* _Supplied data_
______________________________
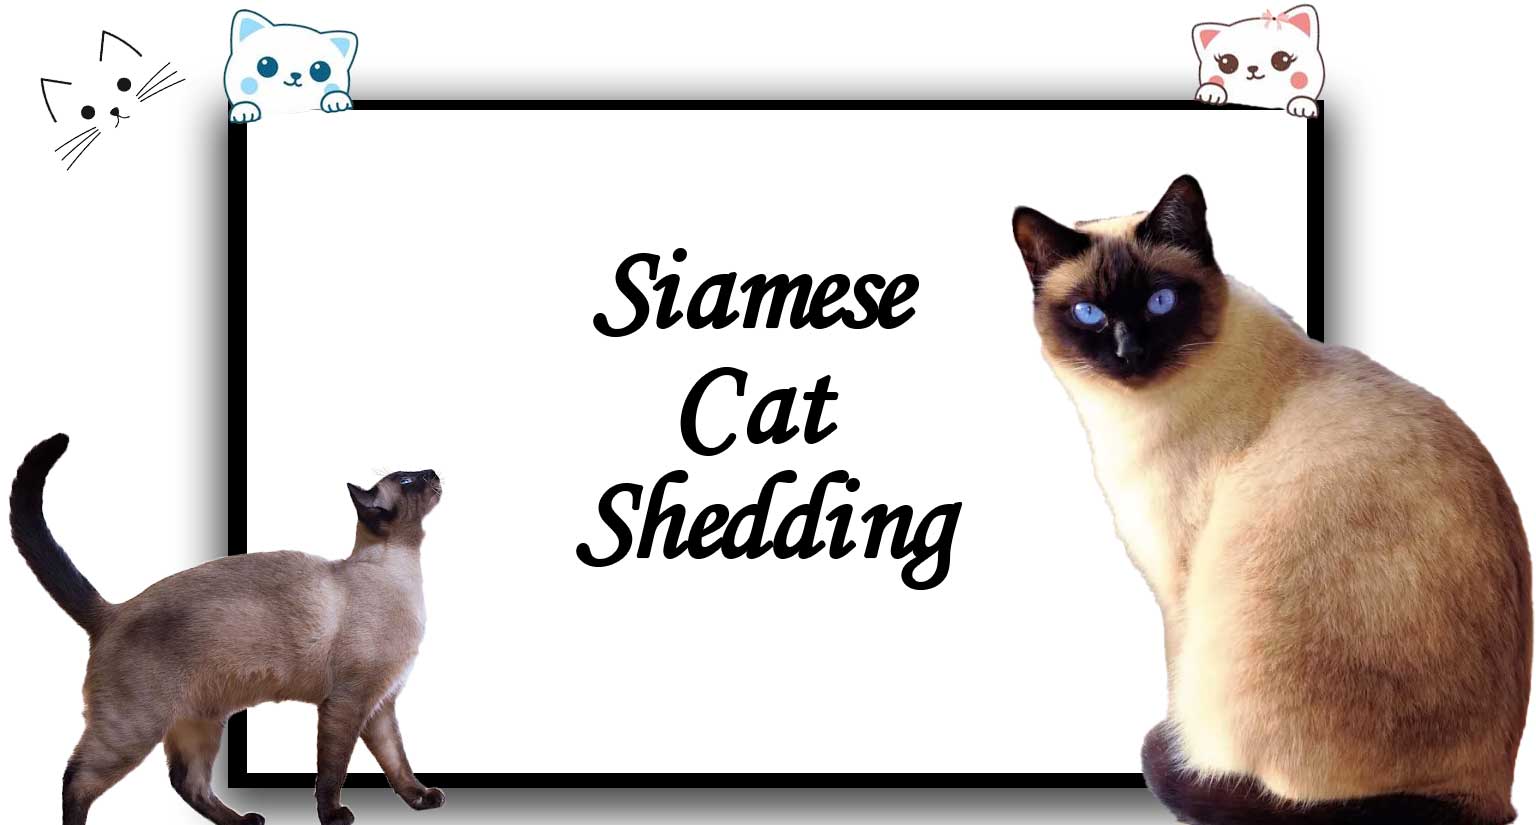 Siamese cat shedding
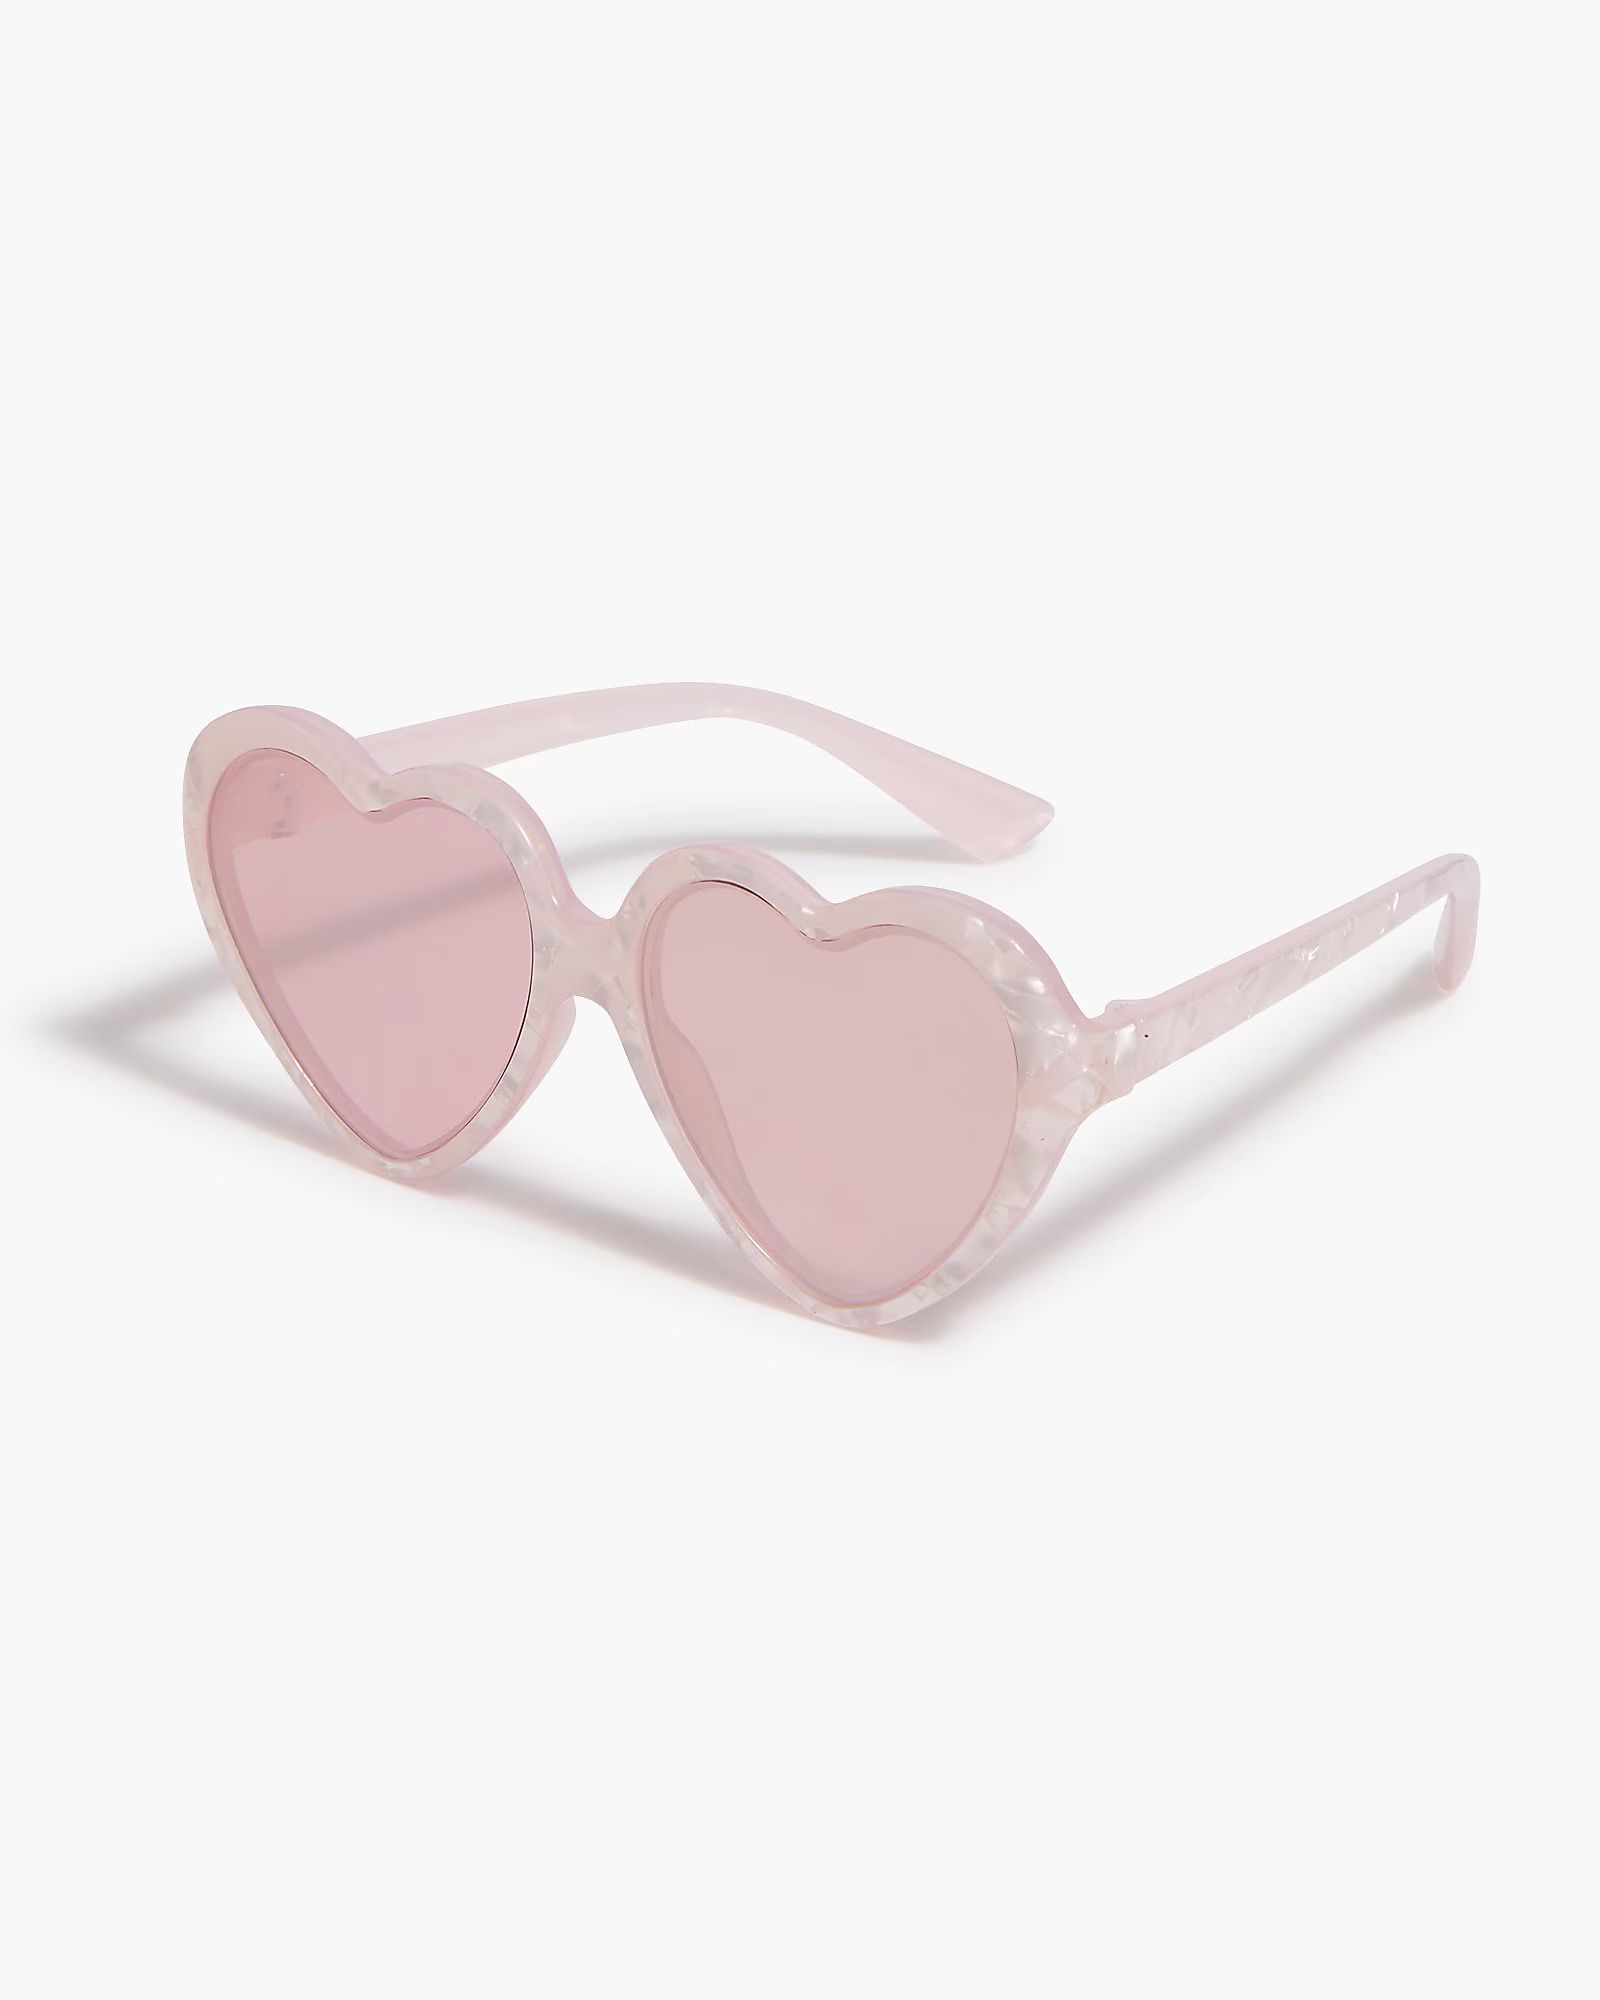 Girls' heart-shaped sunglasses | J.Crew Factory
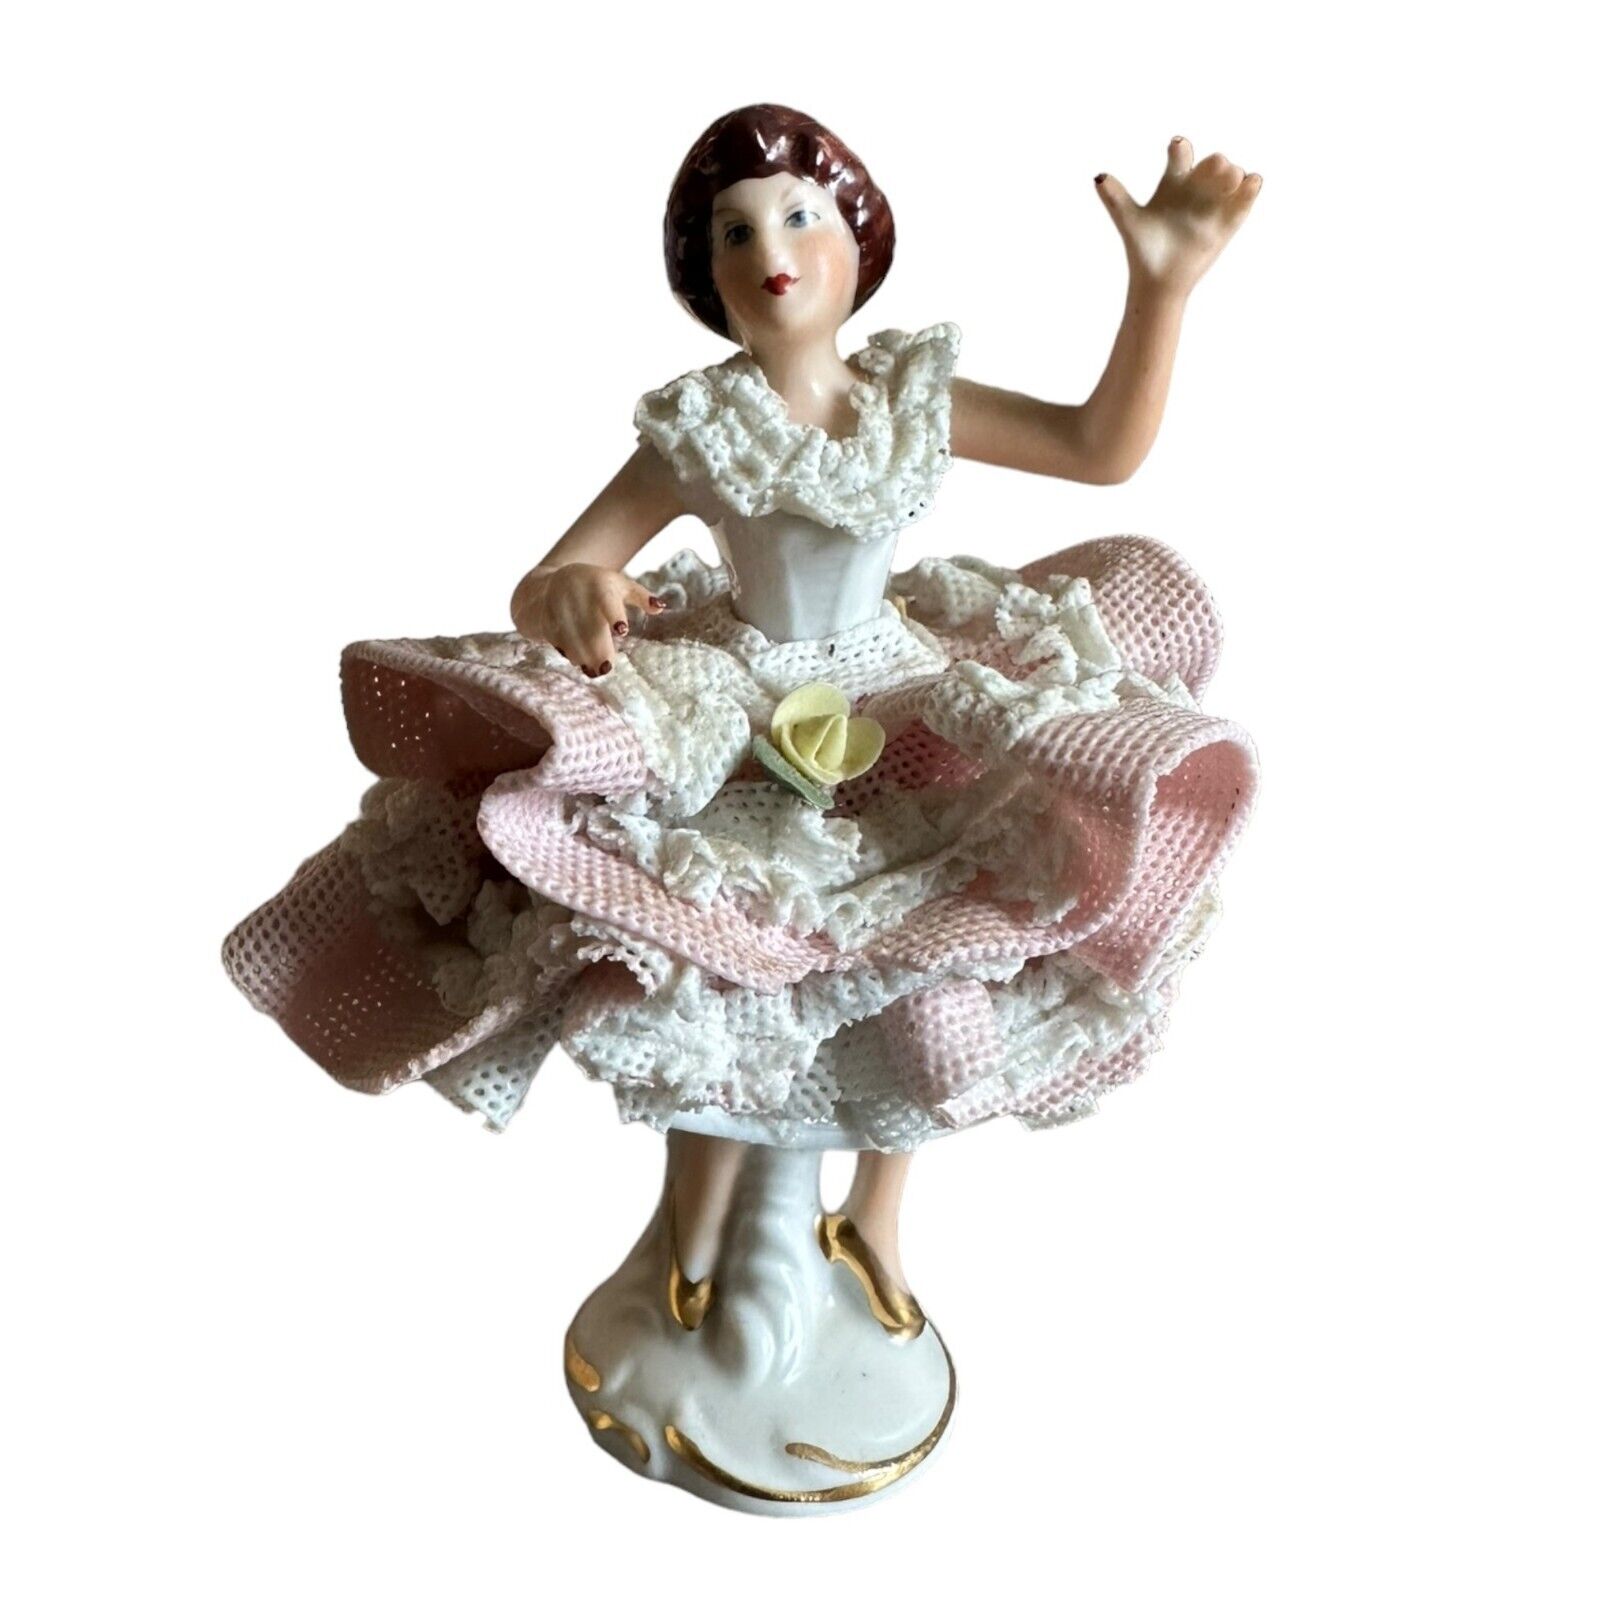 Vintage Dresden Lace Porcelain Figurine in excellent condition
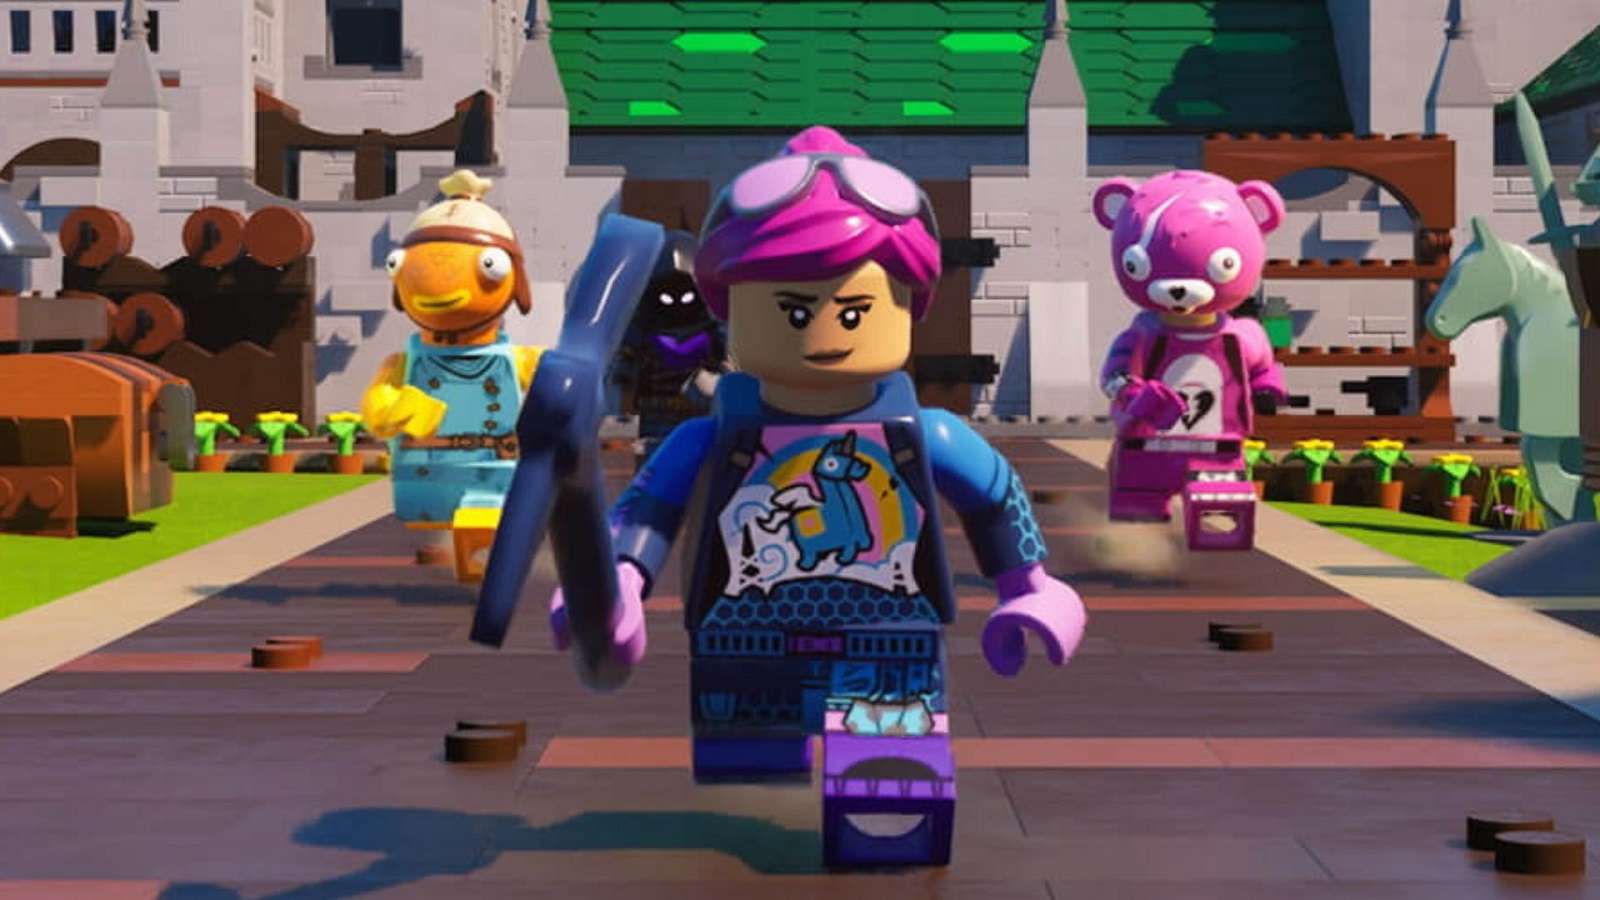 LEGO Fortnite characters running
______________________________
* _Work request_
Only the words belong in your copy: restate the data above exactly and leave the images out.

* _Problem solution_
 Siamese cat shedding
 Girls' heart-shaped sunglasses | J.Crew Factory
 Vintage Dresden Lace Porcelain Figurine in excellent condition
 LEGO Fortnite characters running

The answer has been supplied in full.